Random Things to elaborate on

The code here is largely inspired by DESeq2's plotPCA.

You should look at factominer:

http://factominer.free.fr/factomethods/index.html
http://factominer.free.fr/graphs/factoshiny.html

Teaching and Tutorials

This looks like a useful tutorial to use when explaining the utility of PCA analysis: http://alexhwilliams.info/itsneuronalblog/2016/03/27/pca/

High-Dimensional Data Analysis course by Rafa Irizarry and Michael Love https://online-learning.harvard.edu/course/data-analysis-life-sciences-4-high-dimensional-data-analysis?category[]=84&sort_by=date_added&cost[]=free

FacileDataStore (facile_frame)

We enable the user to supply extra sample covariates that are not found in the FacileDataStore associated with these samples x by adding them as extra columns to x.
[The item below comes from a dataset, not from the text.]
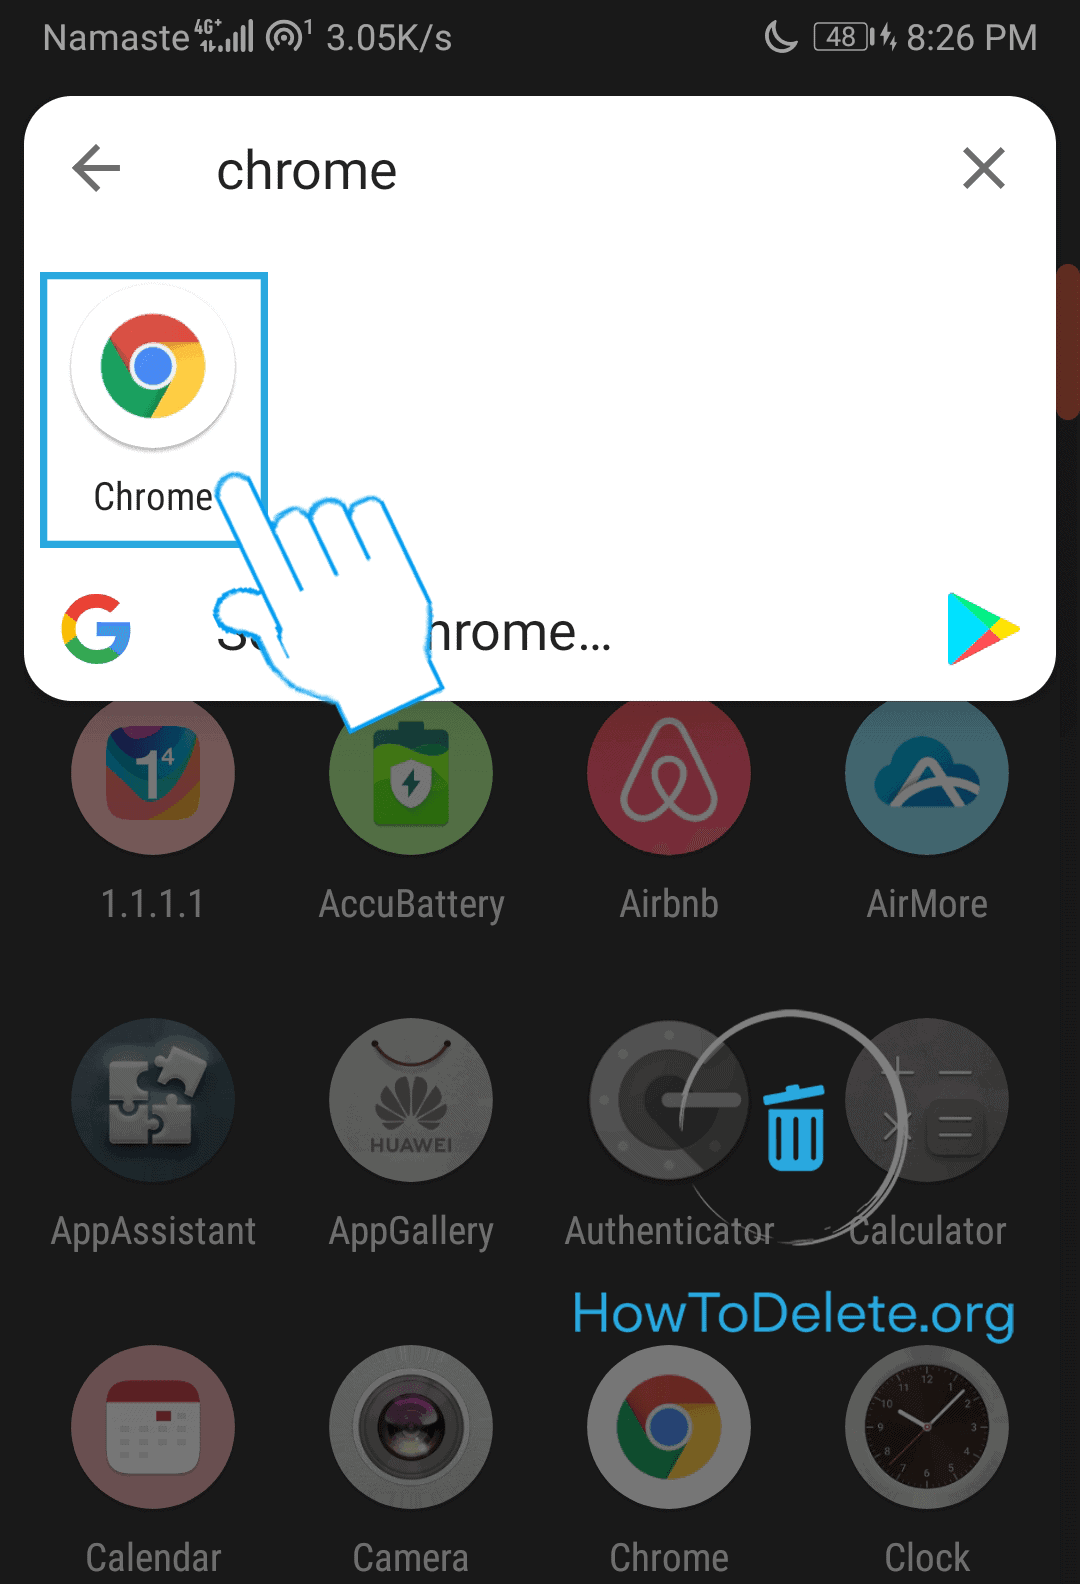 chrome google app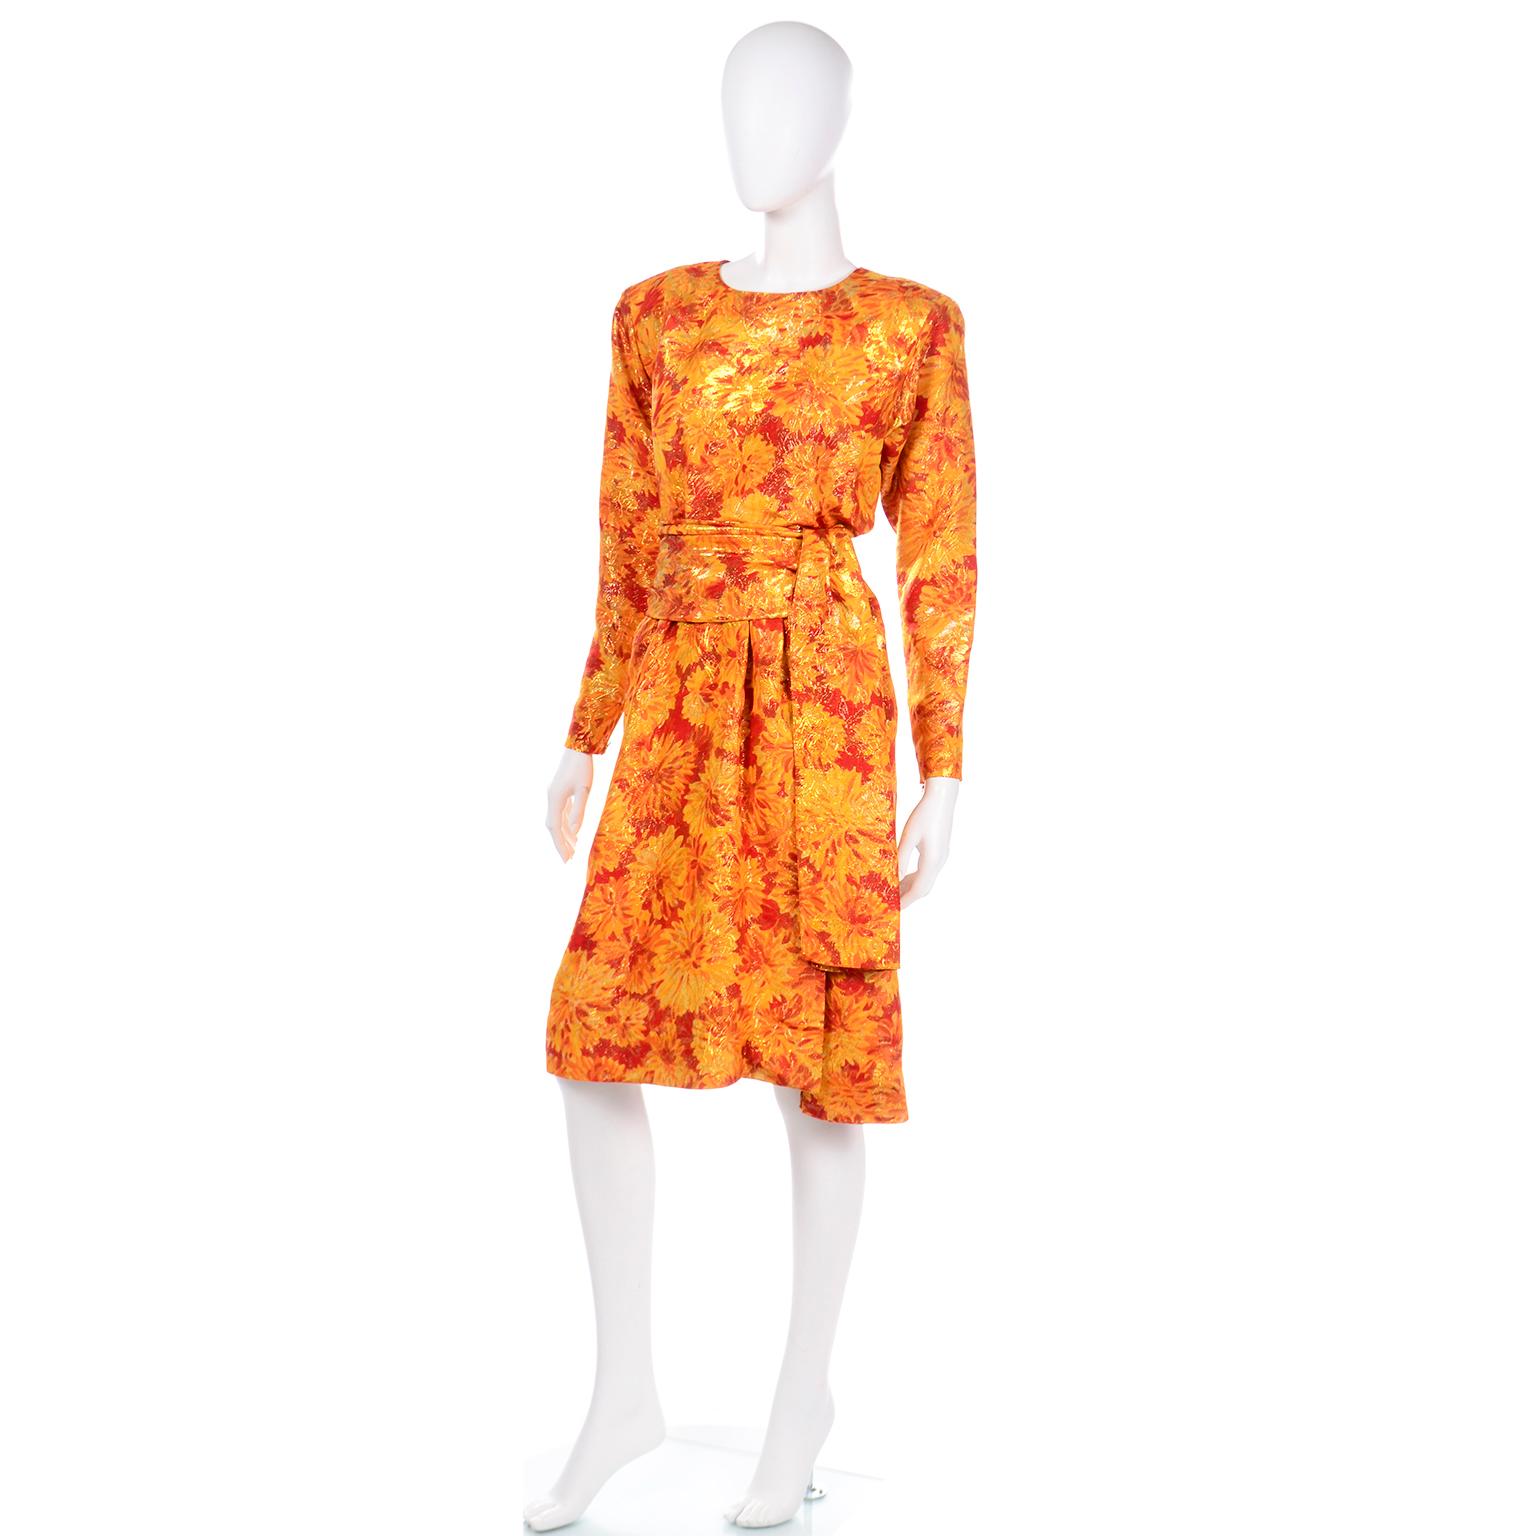 Deadstock YSL 1989 Orange Metallic Documented Yves Saint Laurent Runway Dress For Sale 1

If manually provioded col_covariates have the same name as internal sample covariates, then the manually provided ones will supersede the internals.

Comparing PCA Results

We can compare two PCA results. Currently this just means we compare the loadings of the features along each PC from fpca result x and y.

Examples

efds <- FacileData::exampleFacileDataSet()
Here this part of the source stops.